KURUM DEVLETİN KENDİSİ
Devlet ise çıkardığı onca yasaya rağmen kadınların can güvenliğini sağlamada yetersiz kalıyor. Yetersiz kalıyor çünkü devletin karakteri de erkek egemendir. En büyük ataerkil kurum devletin kendisidir. Ailenin reisinin erkek olduğu maddesi medeni kanundan çıkartılmış olsa da devlet halen kadınları erkeklerin malı olarak görmeye devam ediyor. Son birkaç ay içinde işlenen kadın cinayetlerinde katledilen kadınların daha önceden resmi yetkili kurumlara can güvenliklerinin korunması için başvuruda bulundukları ortaya çıktı. Ama can güvenlikleri sağlanmamıştır. Acilen devletin kadın cinayetlerine dur diyecek çözümler getirmesi gerekmektedir.

KAMPANYALAR DÜZENLENİYOR
Bunu da dinsel inanışlara dayandırmadan kadını da karşı cinsle eşit haklara sahip bir birey olarak görmekten geçmektedir.
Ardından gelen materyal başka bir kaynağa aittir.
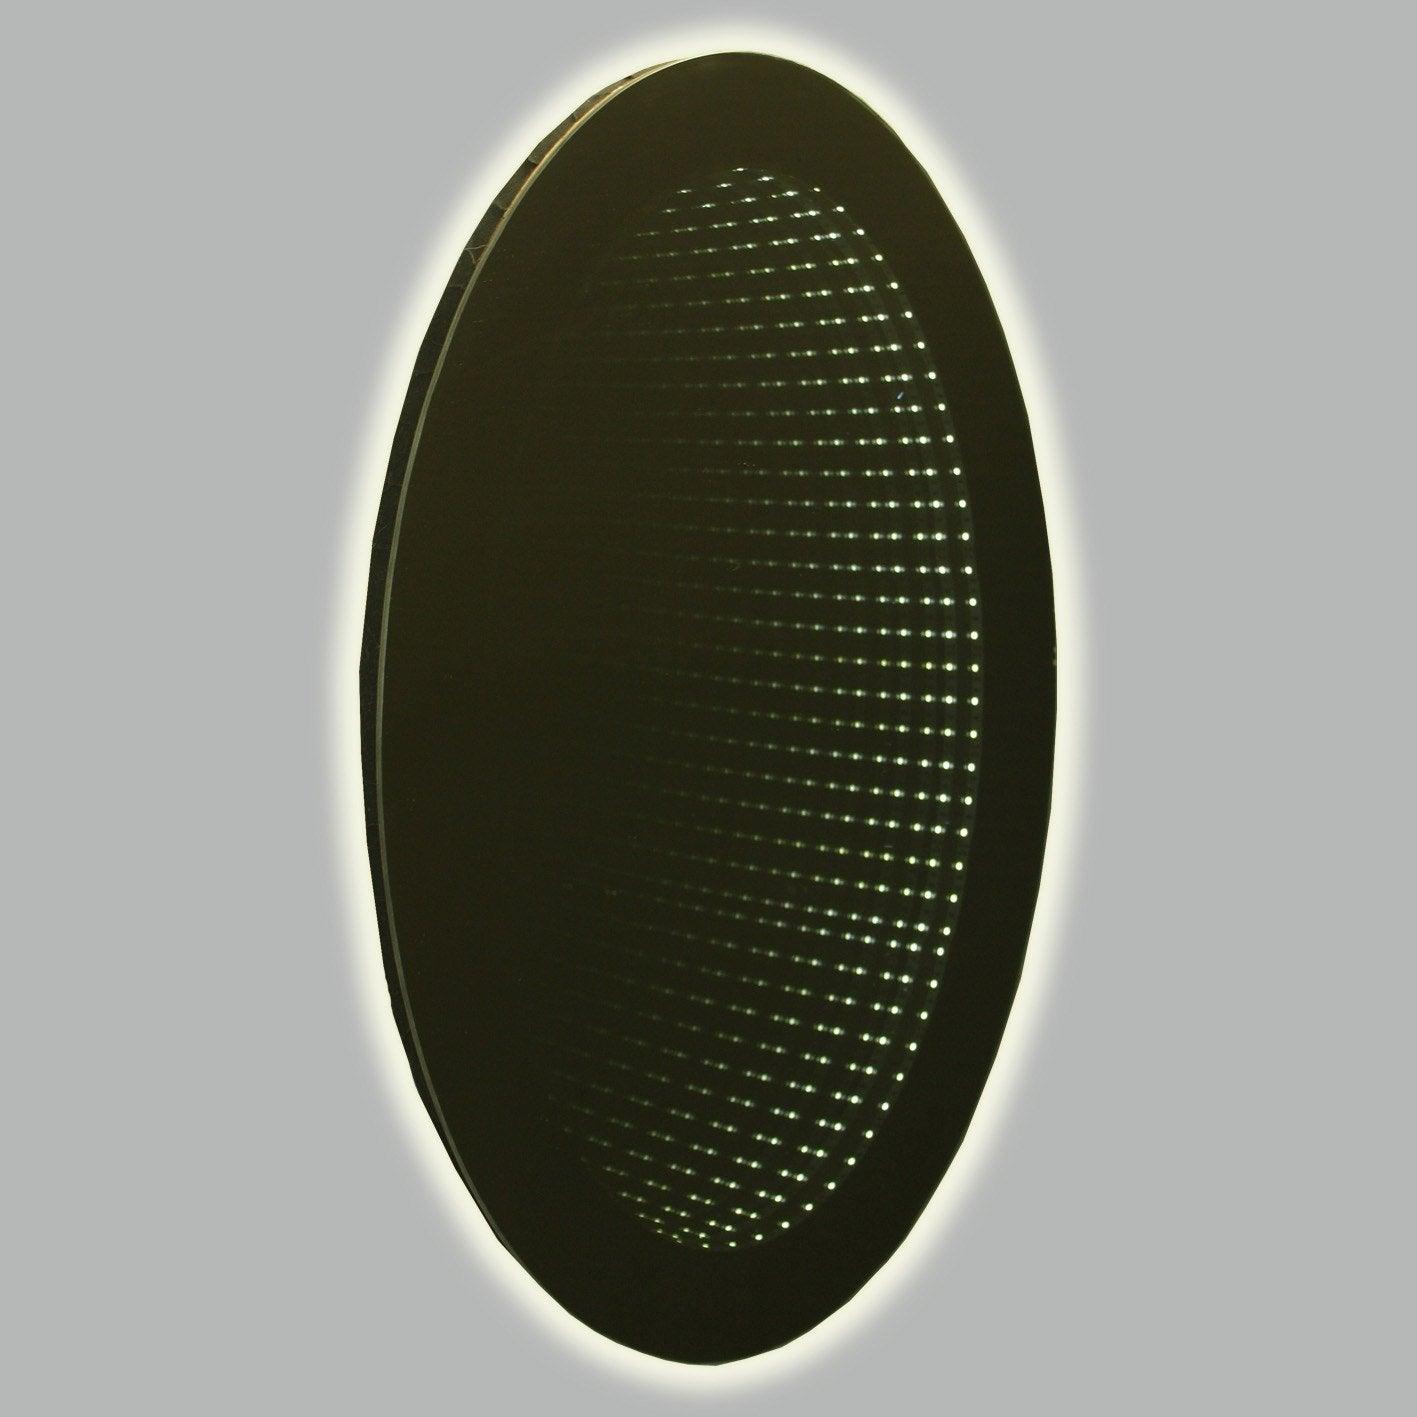 miroir ovale led 3d miroir l 41 x h 60 cm Résultat Supérieur 16 Merveilleux Miroir Led 60 Stock 2017 Kqk9

Eğitimde de durum pek farklı değil. Bir yandan kadınların eğitimine büyük önem veriliyor. Kız çocuklarının okullaşması için devasa kampanyalar düzenleniyor. Fakat eğitimde cinsiyet eşitsizliğine son vermeyen aksine giderek derinleştirecek politikalara imza atan devlet meclise sunduğu 4+4+4 şeklinde formüle edilen yasa teklifinde de bunu bir kez daha ortaya koymuştur. Yasa teklifinden amaçlanan kız öğrencilerimiz için temel eğitimin sekiz yıla indirilerek 12-13 yaşlarında sosyal ortamlardan alınarak evlere kapatılmaları amaçlanmaktadır
Konuşmanın ardından Şiir Dinletisi programı 6 bölüm halinde gerçekleştirildi. Etkinliğe öğretmenler, veliler ve öğrenciler de katıldı.